(STORED DATA)

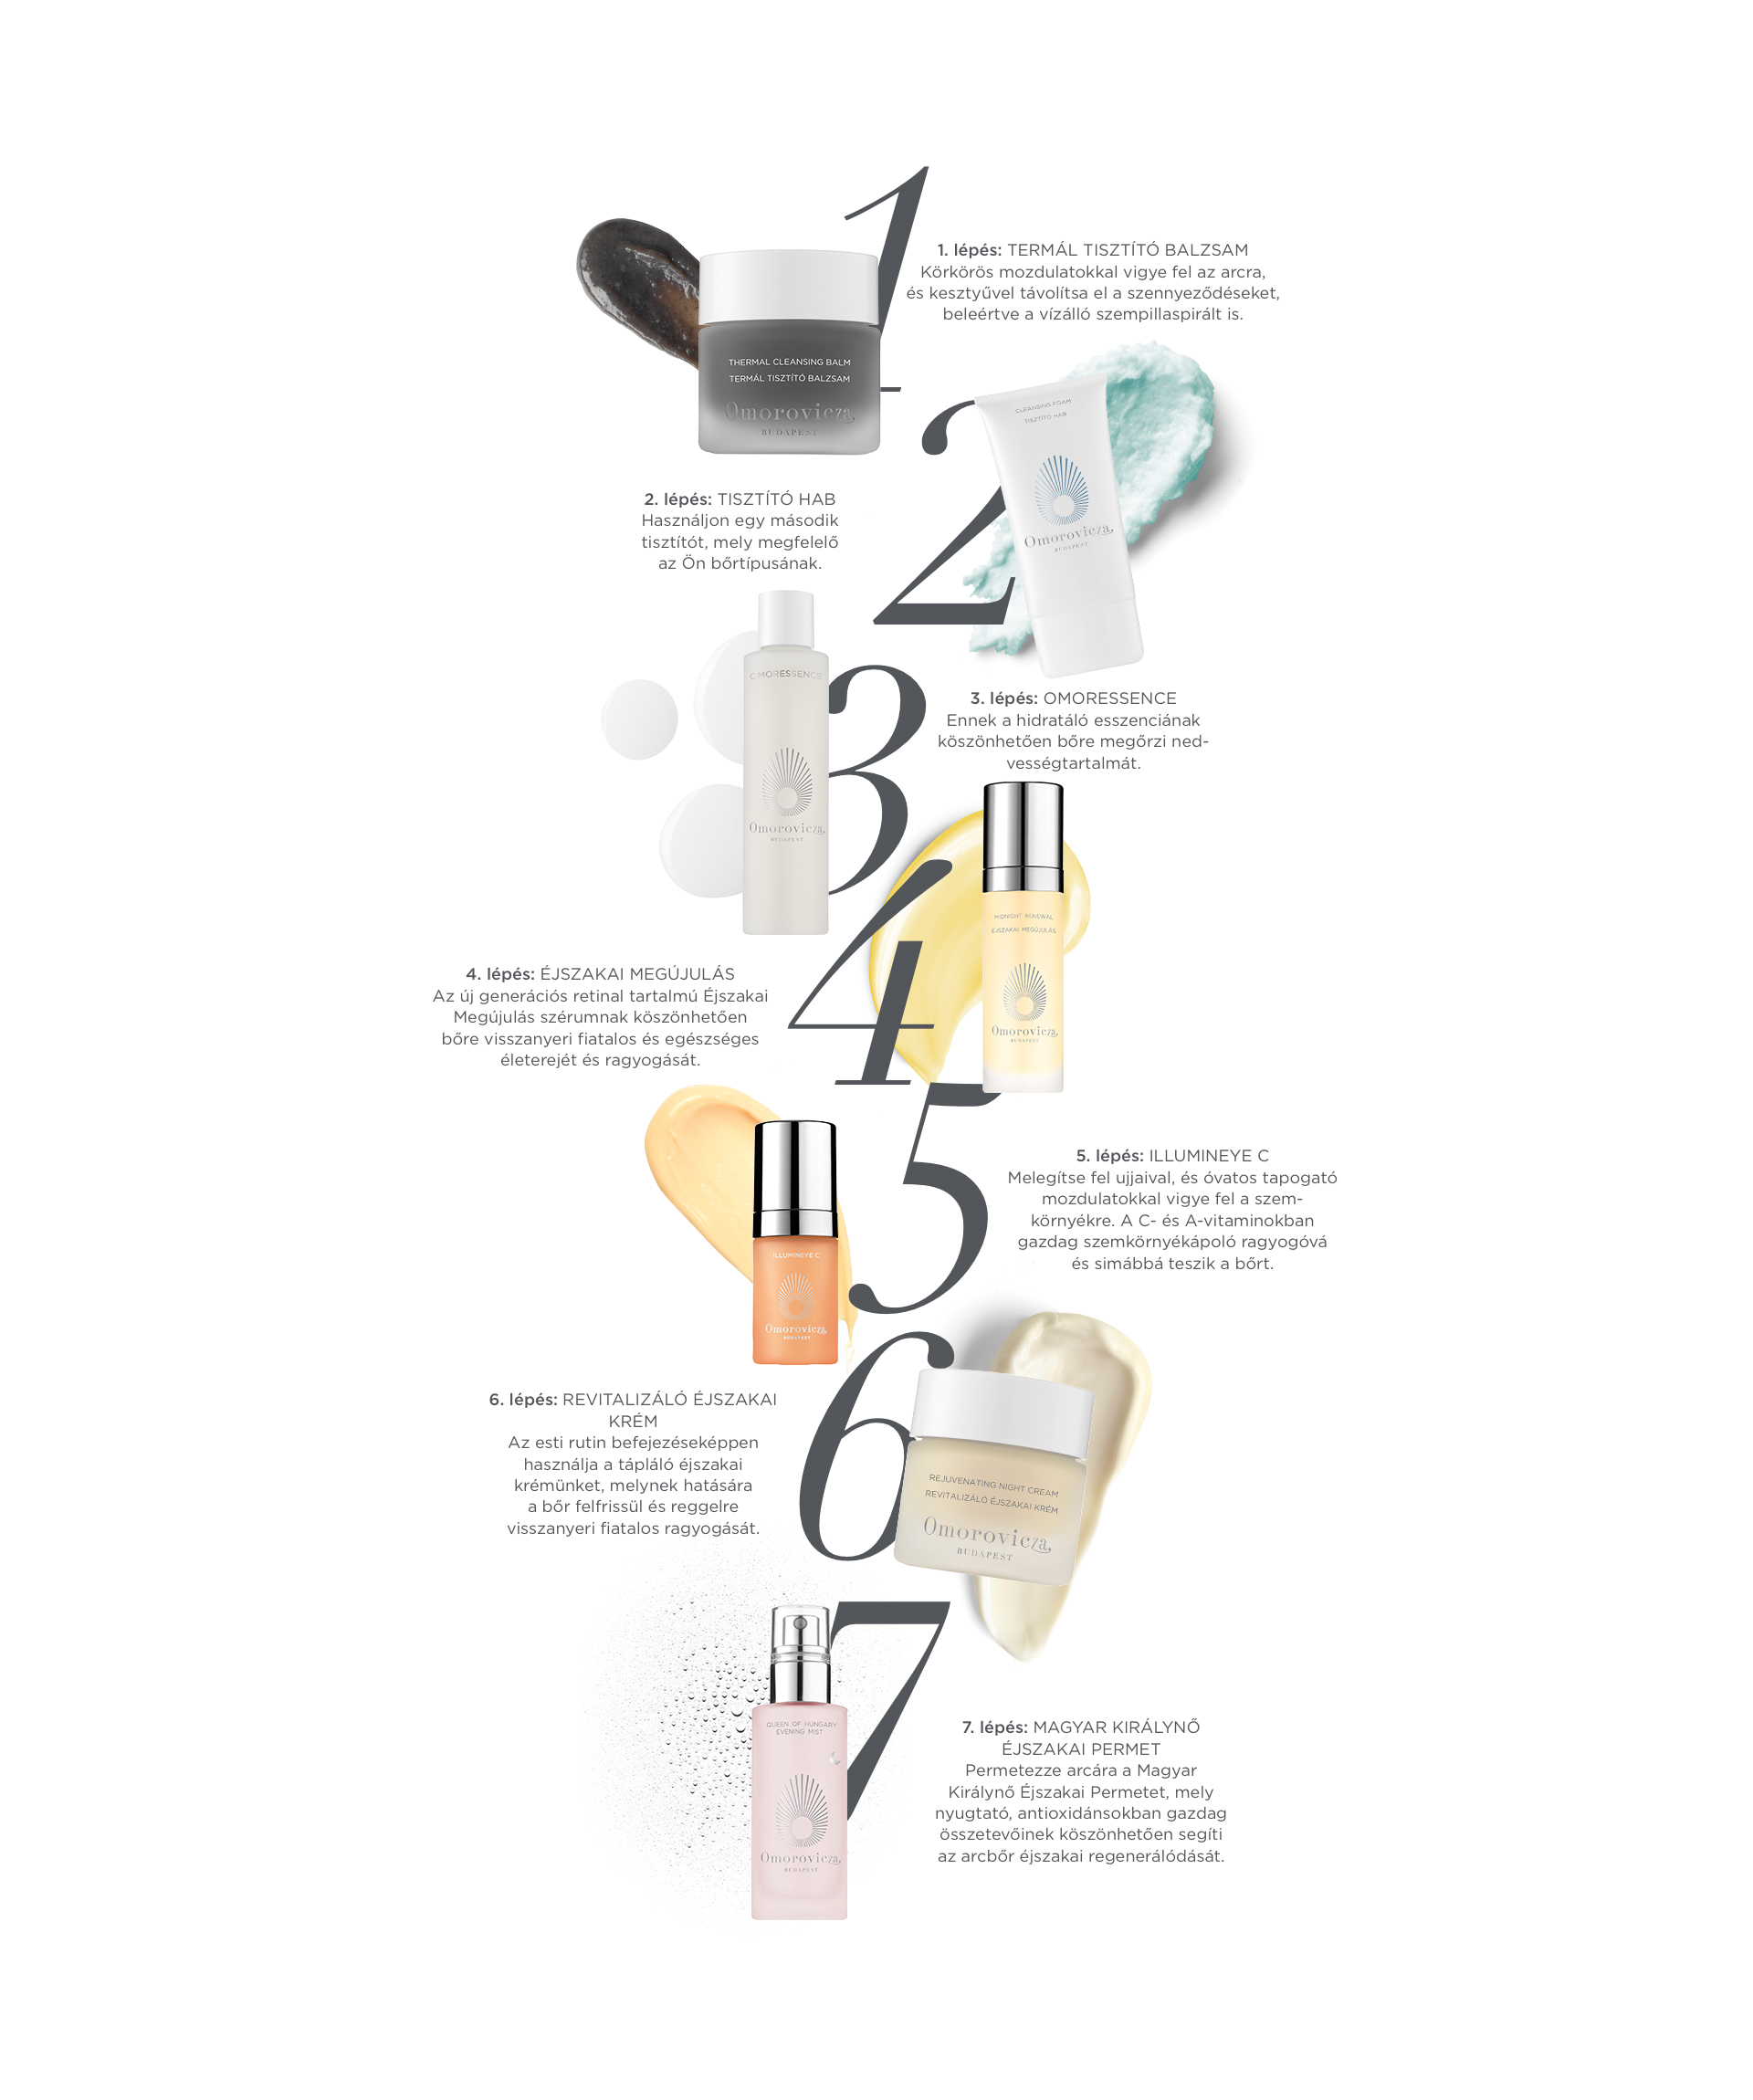 Omorovicza 7 step night-time skincare routine guide
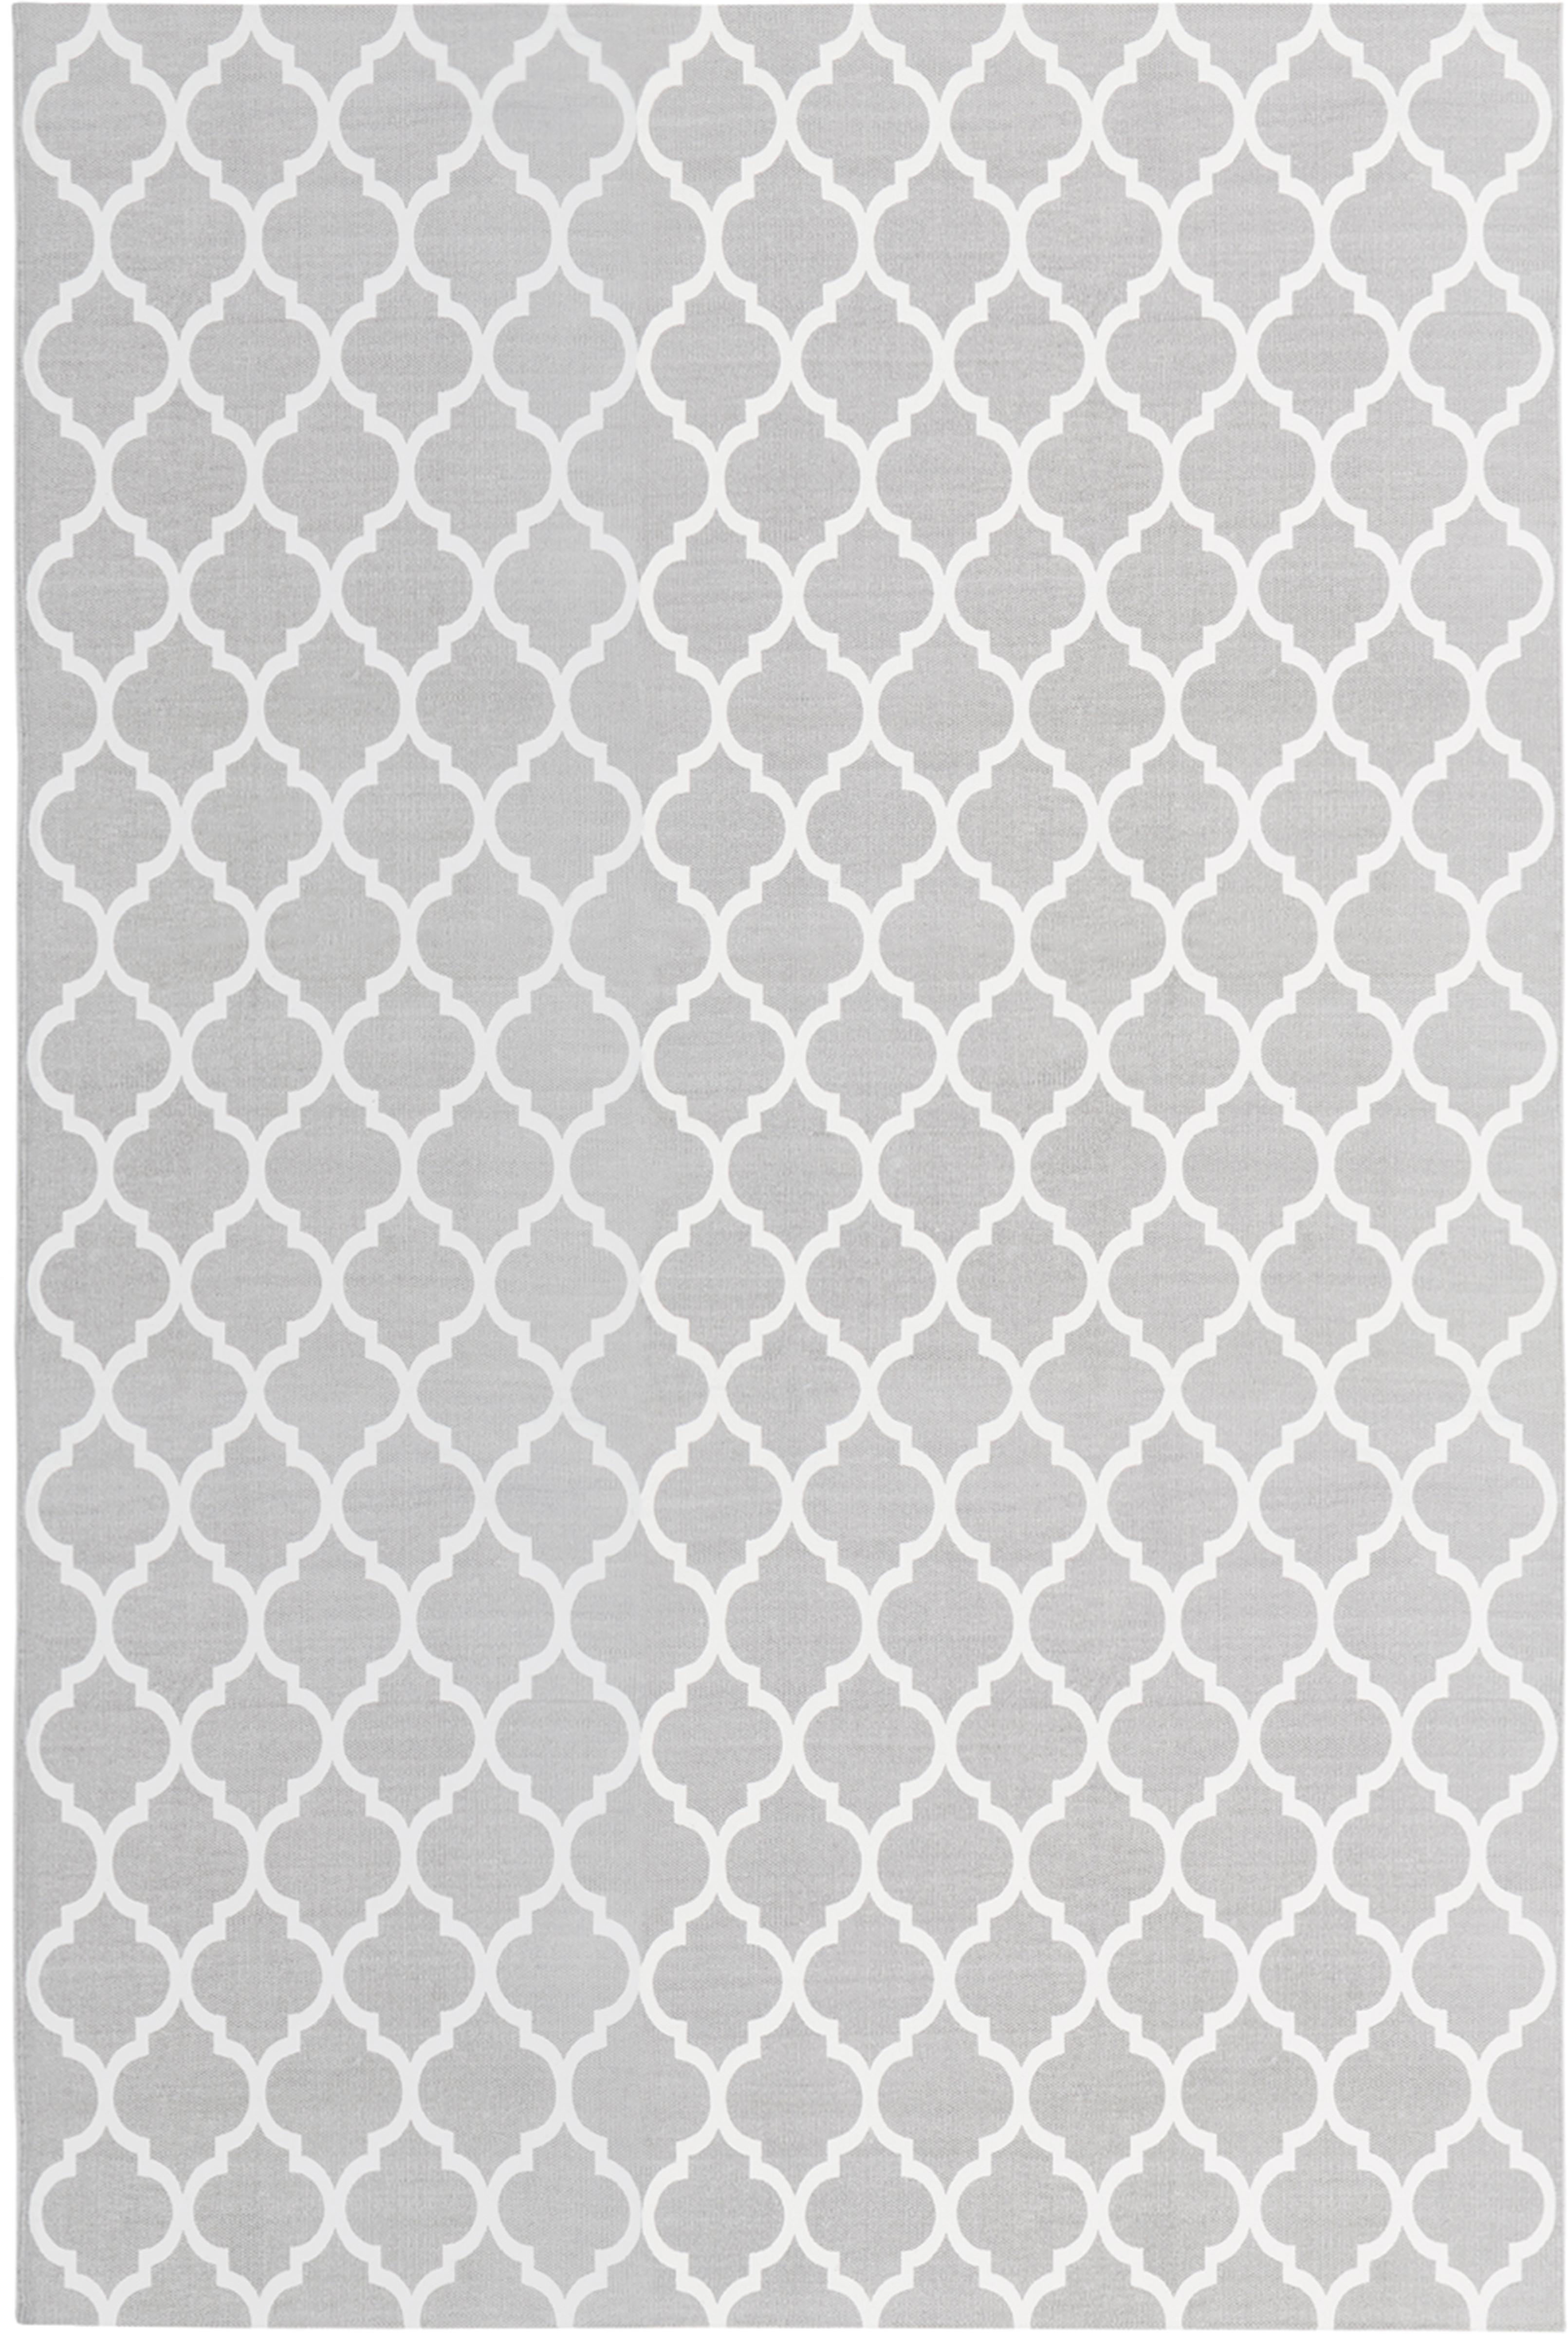 Flachgewebter Baumwollteppich Amira in Grau/Weiß, 100% Baumwolle, Hellgrau, Cremeweiß, B 200 x L 300 cm (Größe L)
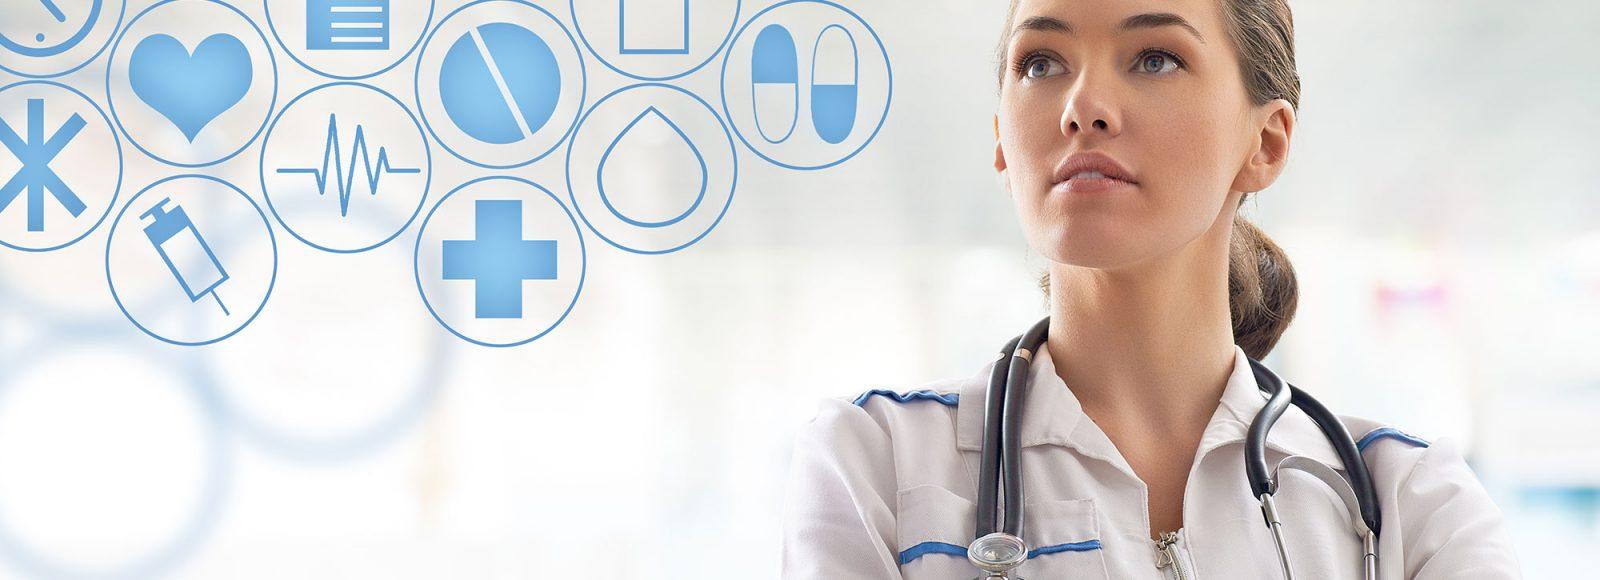 Medicaltech1

(End STORED DATA)

> **TASK STATEMENT**
Word for word, reproduce the material above and omit each image.

> **TASK RESPONSE**
 Omorovicza 7 step night-time skincare routine guide
 Flachgewebter Baumwollteppich Amira in Grau/Weiß, 100% Baumwolle, Hellgrau, Cremeweiß, B 200 x L 300 cm (Größe L)
 Medicaltech1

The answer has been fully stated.